李清闲带队在北昌县杀了一夜,抓住冥山之人过百。
天朗空青,李清闲望着东方的鱼肚白,道:“收队。”
井观低声道:“冥山许多人逃入西面的矿山里,我怀疑,那里才是他们在北昌县的老巢。”
“你现在敢去?”李清闲问。
井观看了一眼周围的人最高不过七品,道:“算了。”
队伍回到县衙,刚进门,就听到有人愤怒咆哮:“你们北昌县和巡捕司都是废物吗?为什么要擅自动手抓人,打草惊蛇,让冥山的人有了准备!为什么援军早早抵达,没有第一时间前往大通武馆救人!你知道我们刑部损失吗?中品全死了!全死了!这个罪责,你们必须承担!”
北路厅监军费岩不阴不阳的声音传来:“章大人,明明是你们督捕司一不知会厂卫,二误判敌情,三误中冥山陷阱,跟我们内厂与巡捕司有什么关系?若非我们及时赶到,你们早就被冥山包了饺子。你再如此,休怪咱家上书督公,参你一本。”
“费大人,我只字未提内厂,还望内厂不要插手此事。

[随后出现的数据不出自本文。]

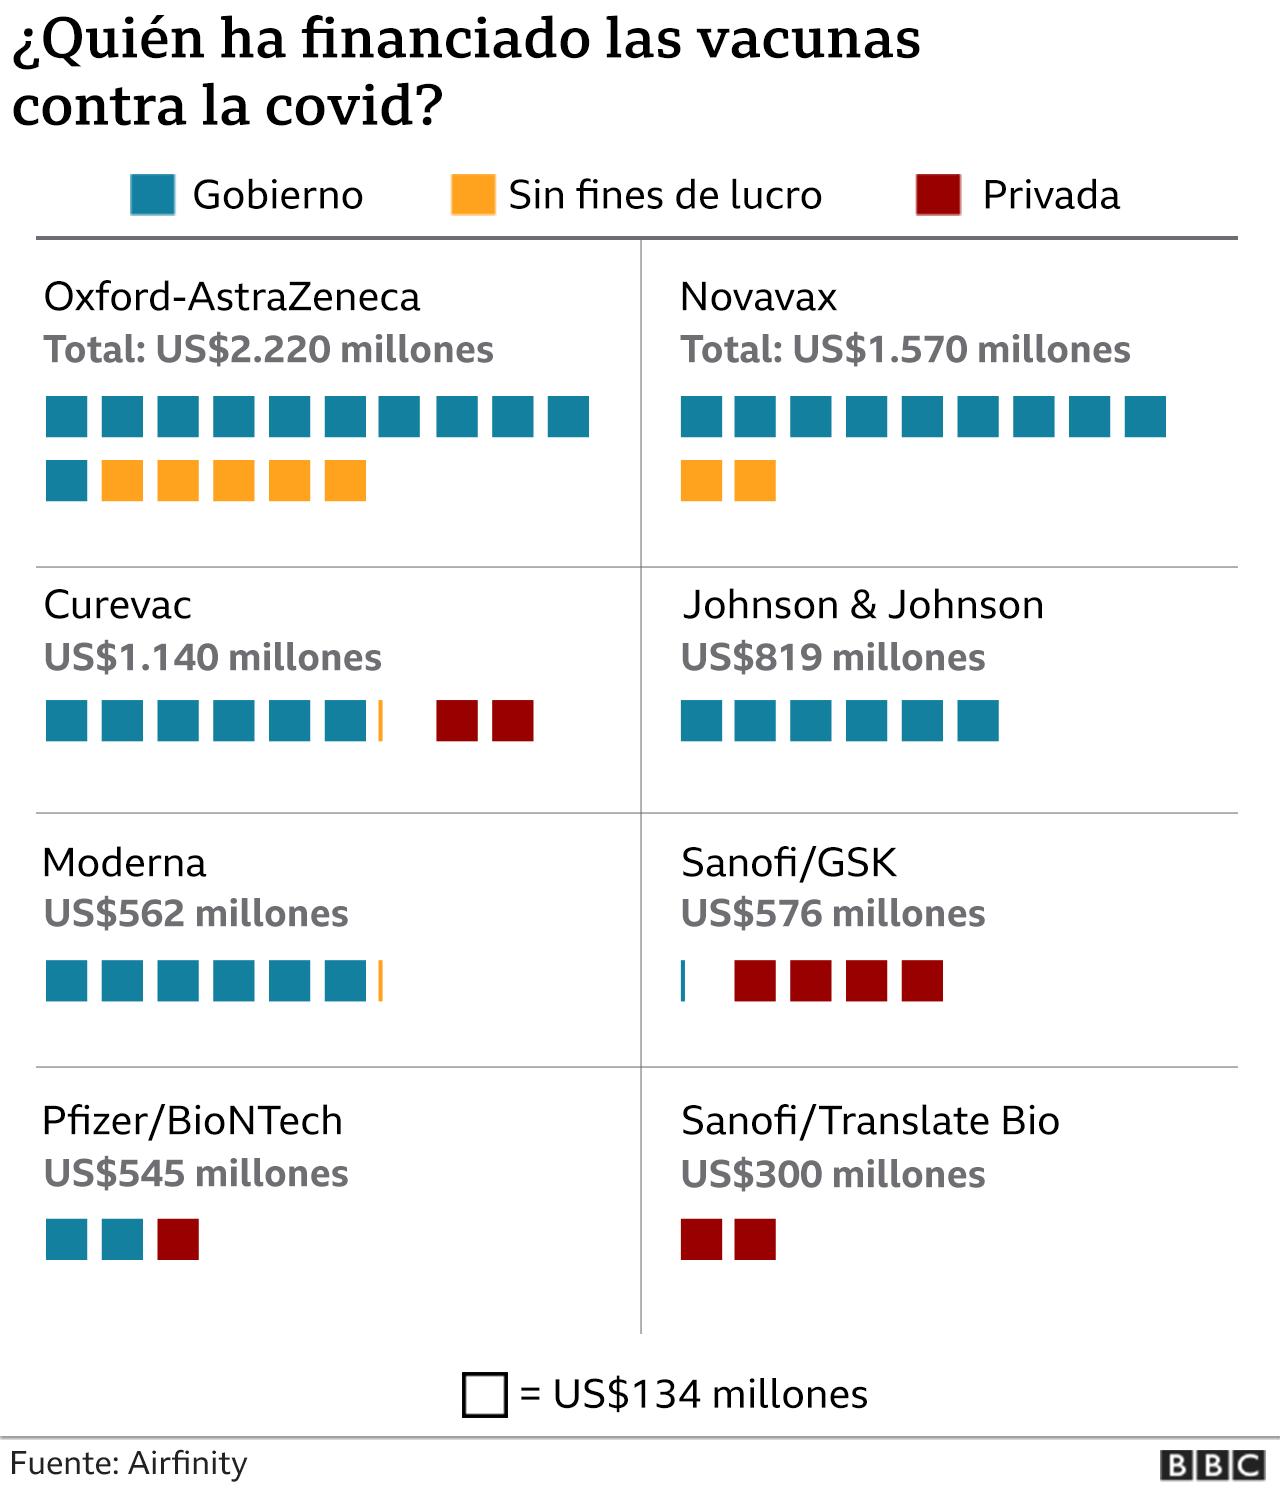 ¿Quién financia las vacunas?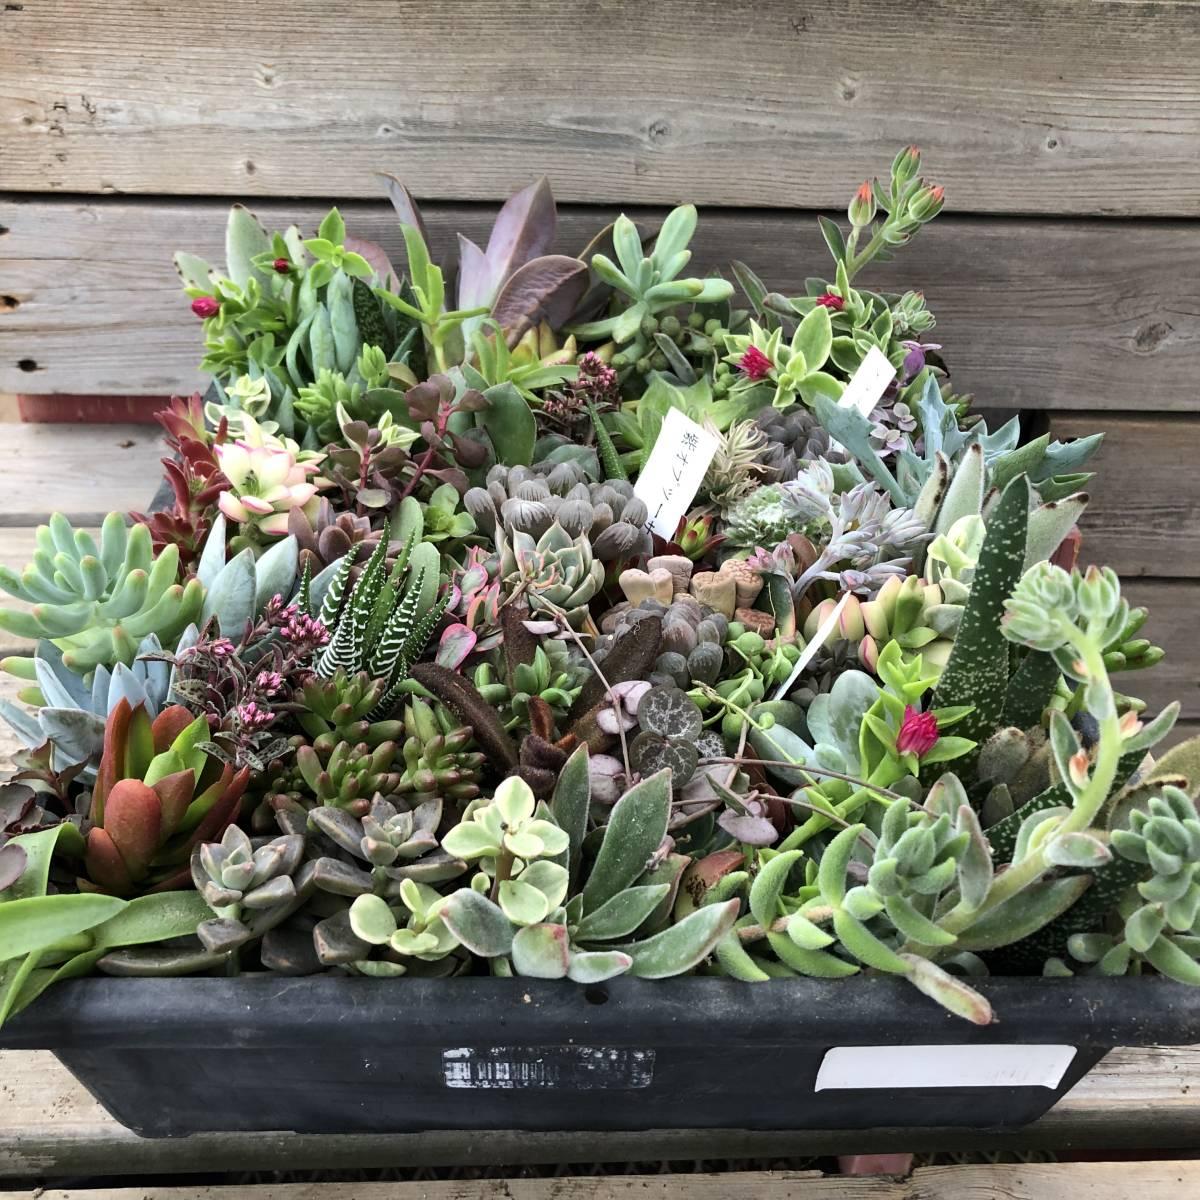 ■A-plants-r■ヤフオク初出品特価!多肉植物 ハオルチア3種&プラグ・カット苗 200ピースセット_画像7

”
“巡捕司由我厂卫指挥,你斥责巡捕司,不是指桑骂槐是什么?年轻人,莫要意气用事!”
李清闲走进去,就见各方人马分立两侧。
临近午夜,巡捕司北路左房甲乙两科、北昌县捕快与壮丁倾巢而出,六百余人手持兵器或法器,直扑柳烟街,将春晓楼与和万花楼团团围住。
李清闲一声令下,众兵将杀入其中,两楼一片混乱。
几支烟花冲天而起,在喊杀声中,照亮北昌县的深夜。
不多时,刑部人马骂骂咧咧出动,也不讲甚么战术,直冲大通武馆。
大通武馆上空烟花接连炸响,远比柳烟街更激烈的战斗开启,法术、武技与战诗词形成的光芒不断闪耀。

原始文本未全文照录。